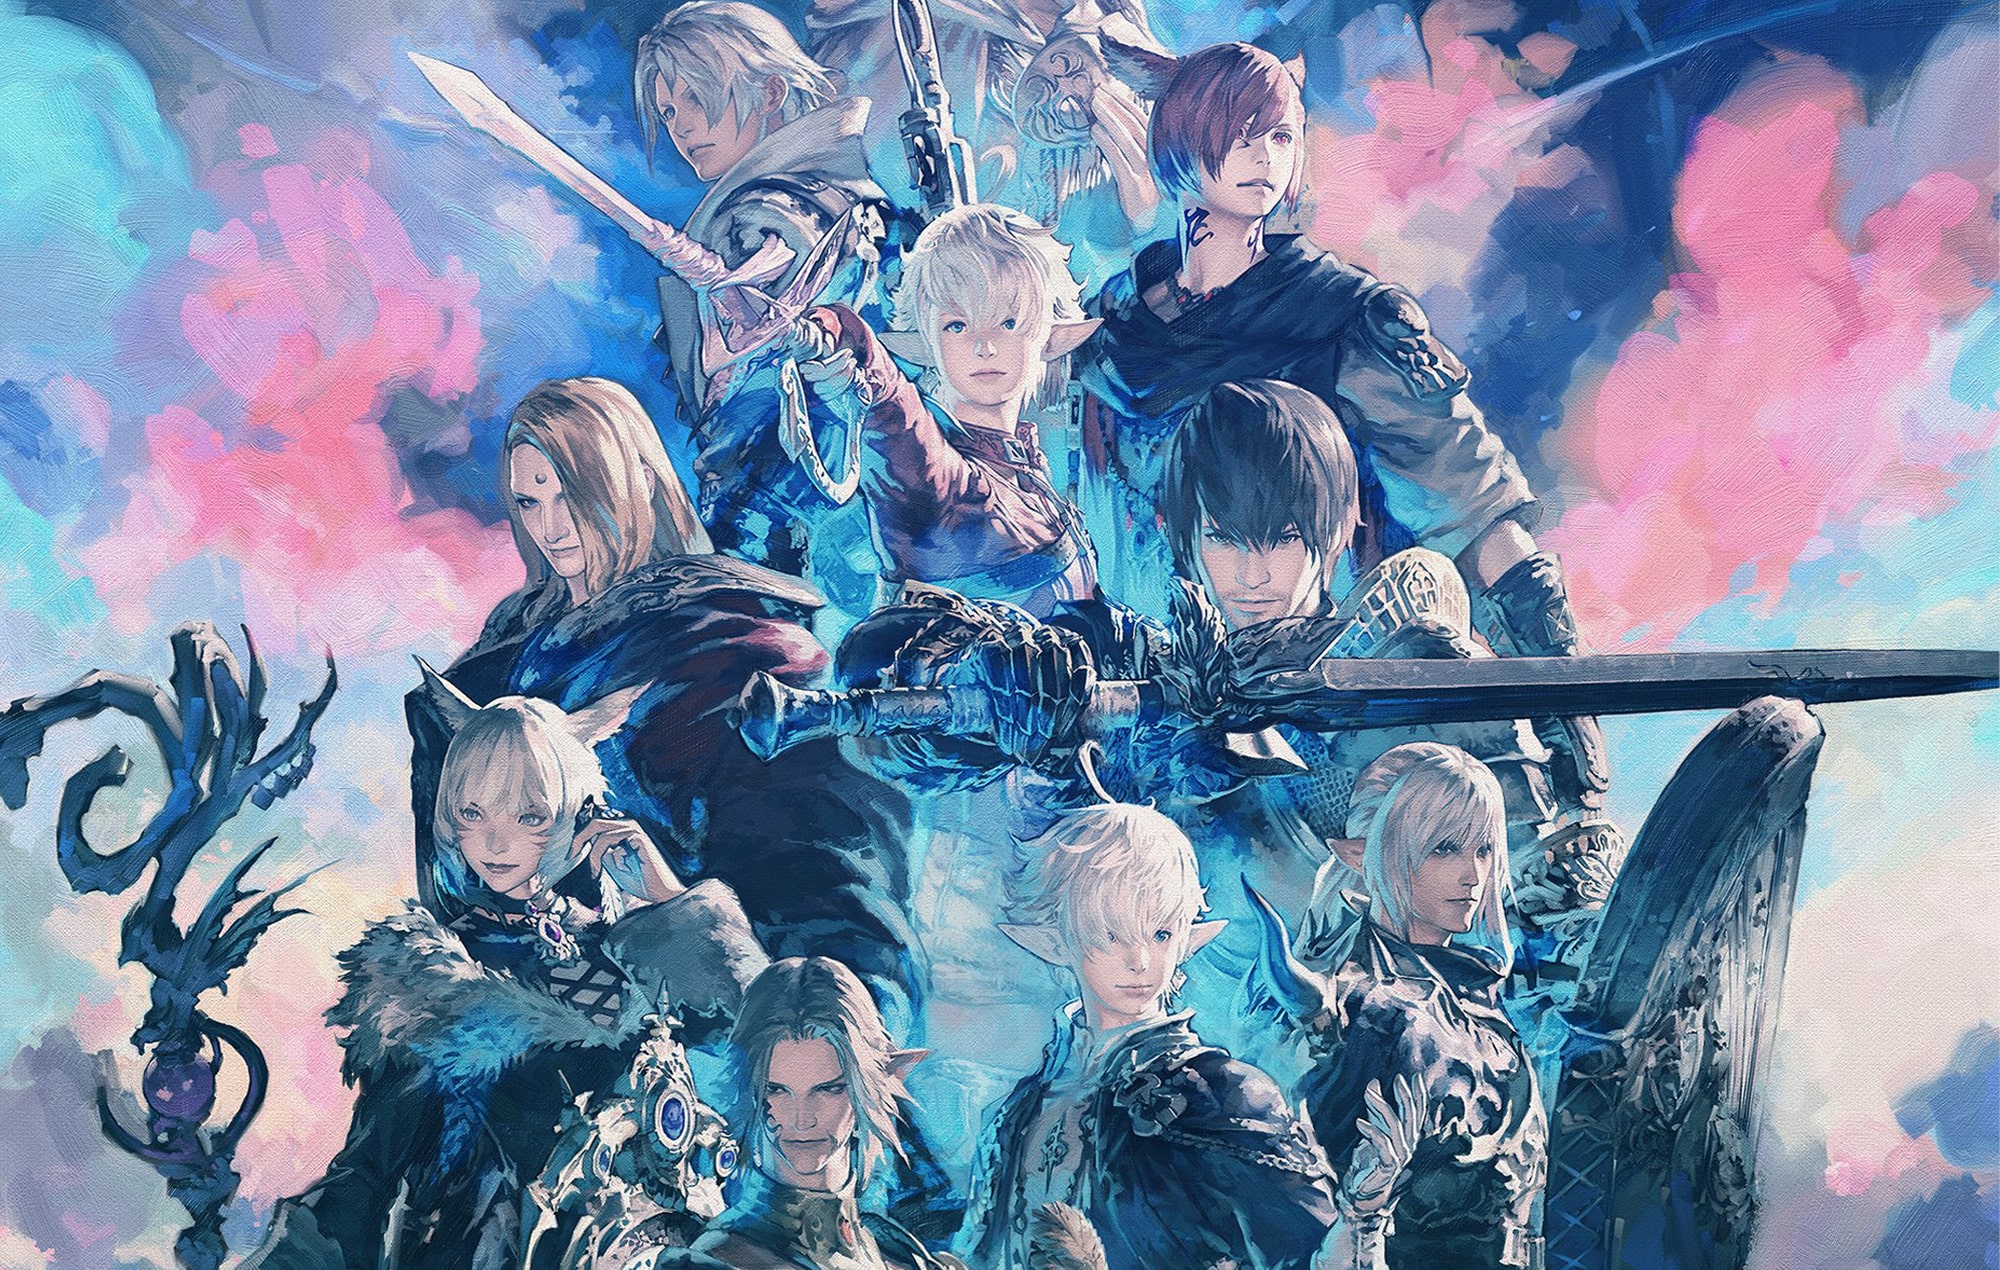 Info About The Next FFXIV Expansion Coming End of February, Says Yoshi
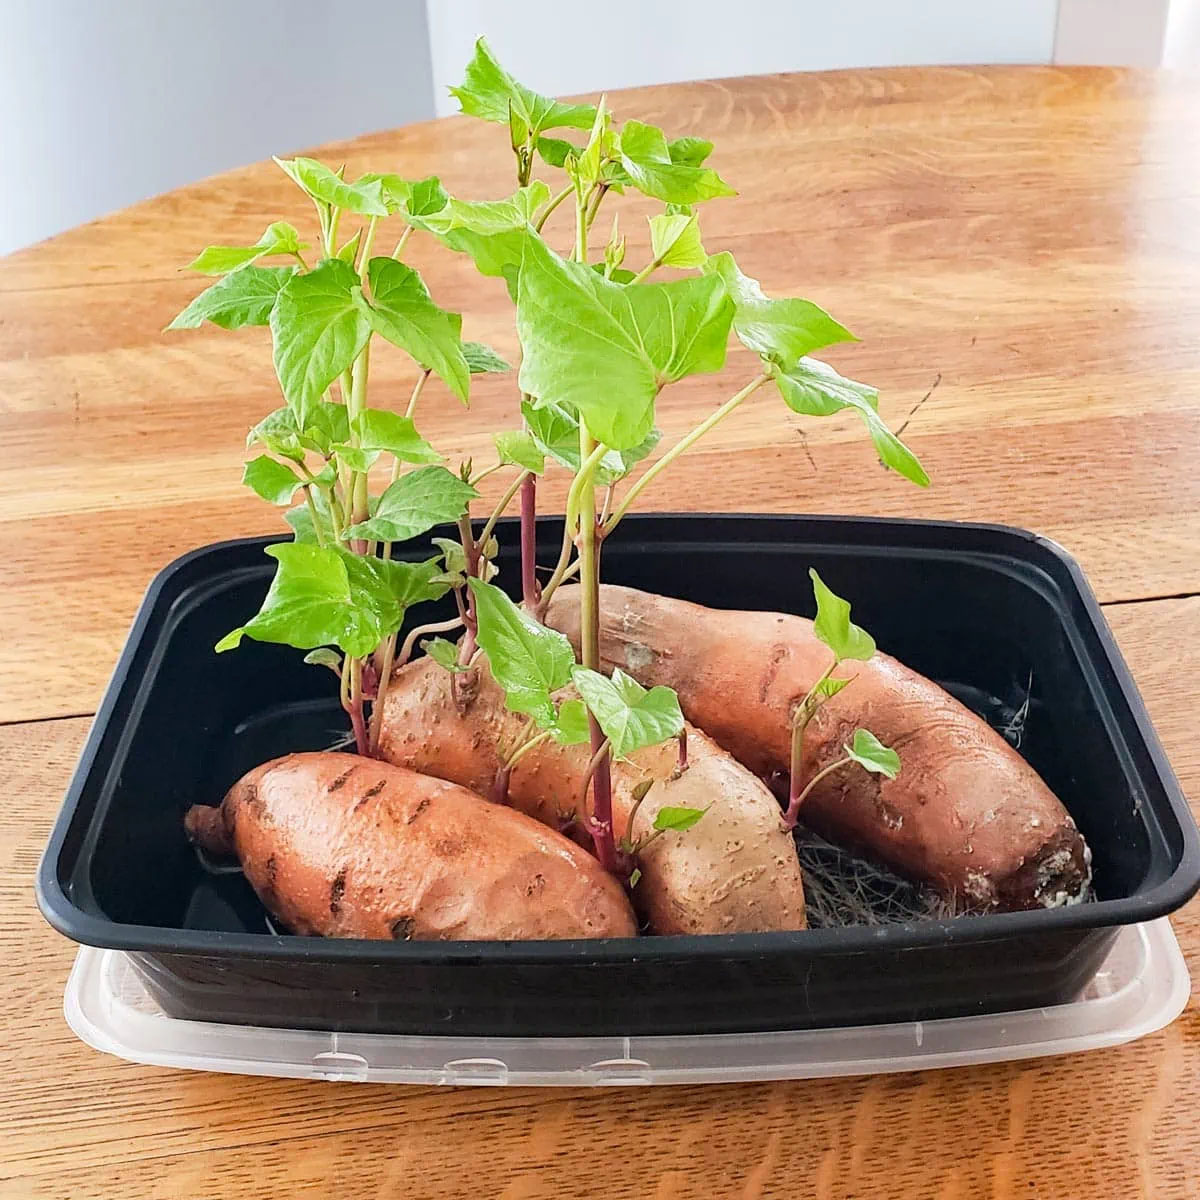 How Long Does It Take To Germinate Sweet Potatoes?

+===+

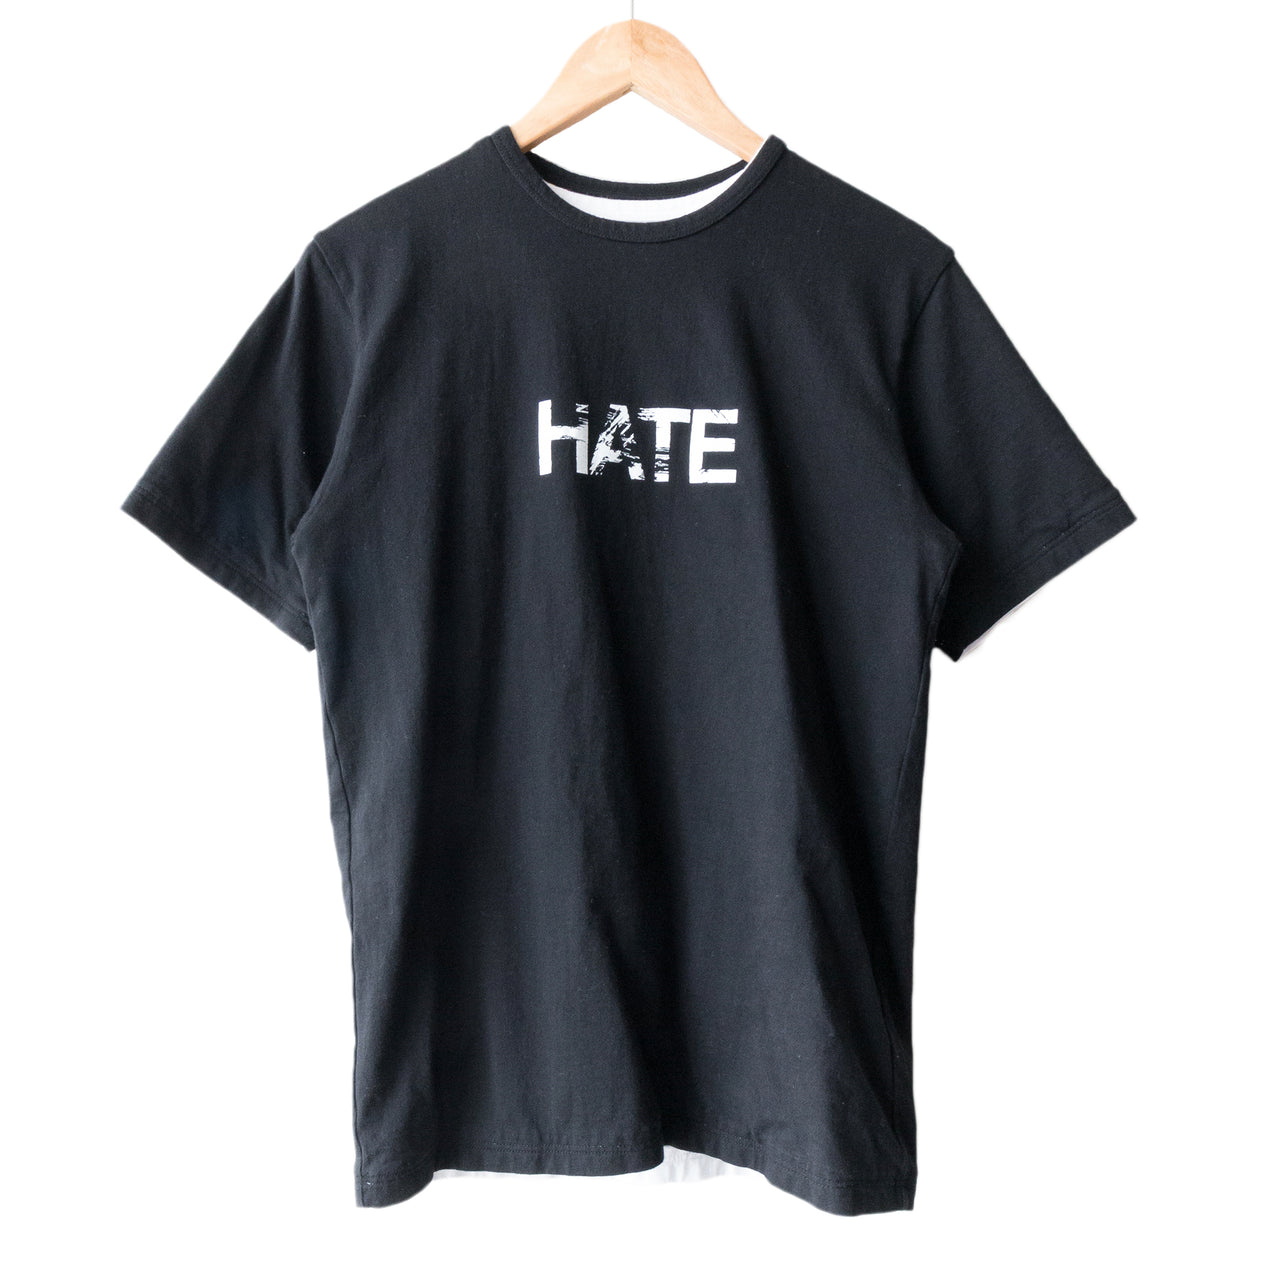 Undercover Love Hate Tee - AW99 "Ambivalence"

+===+

* **What is required**:
From the records above, copy only the lines running from the line holding "Info About The" through the line holding "How Long Does", with no pictures.

* **Response below**:
 Info About The Next FFXIV Expansion Coming End of February, Says Yoshi
 How Long Does It Take To Germinate Sweet Potatoes?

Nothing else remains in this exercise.